Staunton, November 16 – Using force against protesters is far easier to justify if the protesters have engaged in anything that can be portrayed as violence against the authorities. Consequently, the powers that be often are tempted to insert provocateurs into the protest movement to ensure that such a situation emerges.
And the most useful candidates for the role of provocateurs are those who share the position of the powers that be but are not so closely intertwined with them, at least as far as the general public is concerned, that the authorities cannot disown what they do if and when things really get out of hand.
The Russian authorities have used this tactic again and again, and now, Tatyana Britskaya of Novaya gazeta suggests, they are preparing to use it again against the anti-trash dump protests in the Russian North, using Russian nationalists linked to former officials as their agents (novayagazeta.ru/articles/2019/11/16/82752-fashiesty).
Those the Russian authorities appear to be preparing to use are from the Frontier of the North group, which officials have declared an extremist organization thus giving the powers that be yet another way to discredit the protesters if members of this group are found among them as well as ensuring that violence will ensue.
The Frontier of the North group operated in Komi until 2016. It trained people in paramilitary skills in camps and regularly attacked Muslims, immigrants and LGBTs. Its symbols included the swastika. And several of its leaders were charged with and convicted of extremism, although some government-controlled media supported the group, Britskaya says.

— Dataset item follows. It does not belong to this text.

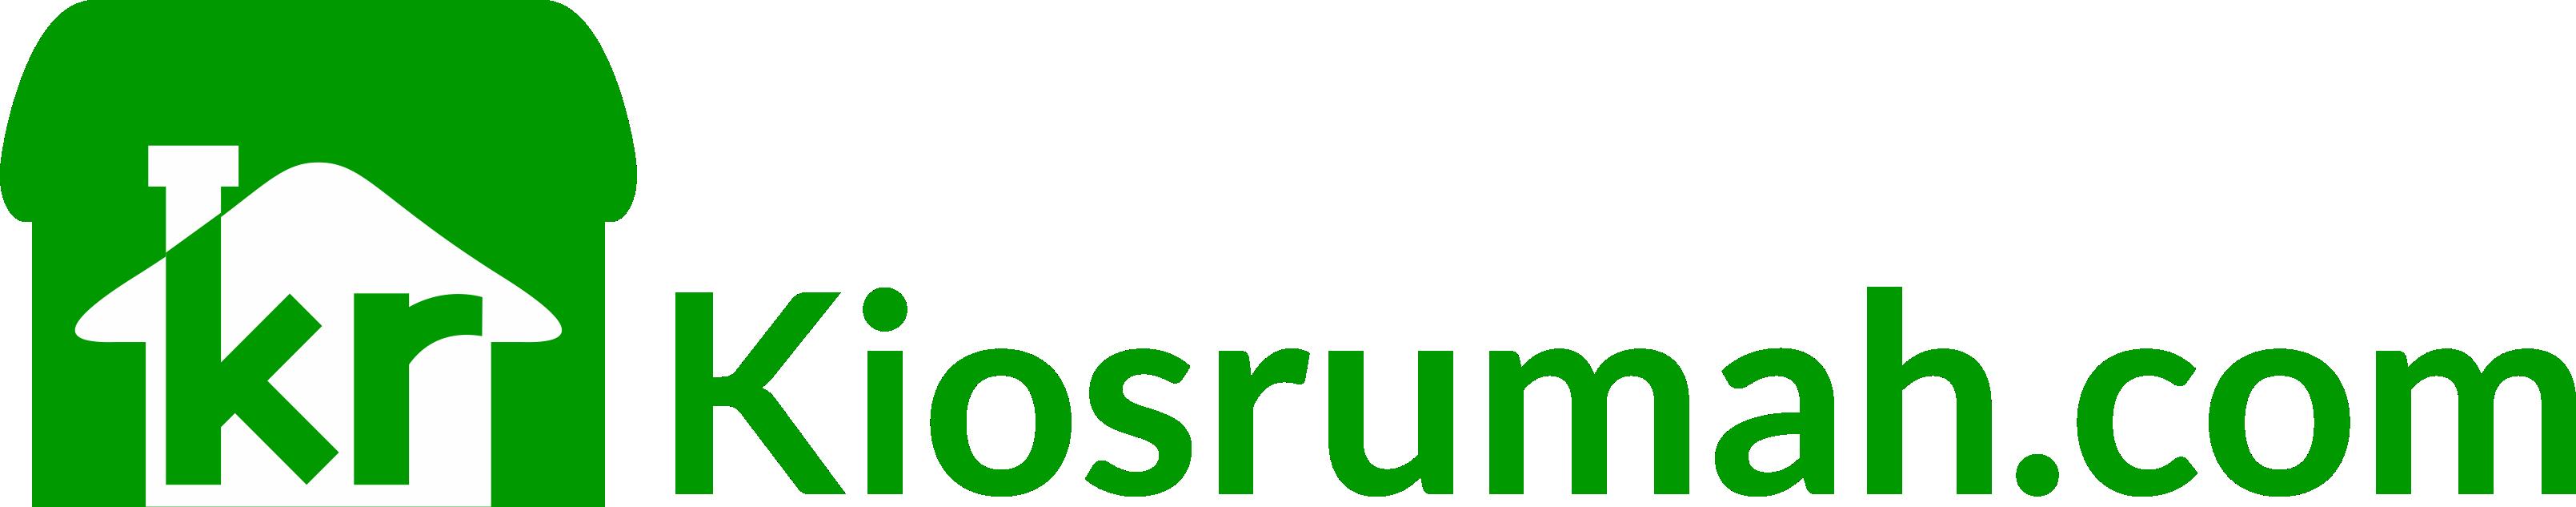 Kiosrumah.com

Some of its members appeared at opposition meetings, and one of them, Aleksey Kolegov, after being released from prison following conviction of extremism, appeared to go over to the opposition, even taking part in meetings of the Free Russia Forum in Lithuania. And some linked with the group earlier turned up at the Shiyes protests.
Kolegov recently has posted on social networks calls to “defend Shiyes” combined with radical calls to engage in violence to promote his group’s goals, exactly the kind of legend one would expect the Russian security services to create in order to provoke violence and justify a crackdown.
The Shiyes protesters, Britskaya continues, have long been aware that the authorities might try to insert provocateurs into their ranks and have taken steps to expel those who bring in alcohol or engage in illegal activities such as insulting the police. But in recent weeks, the danger appears to be growing.
And if things go wrong at Shiyes, almost certainly this will be the work of provocateurs.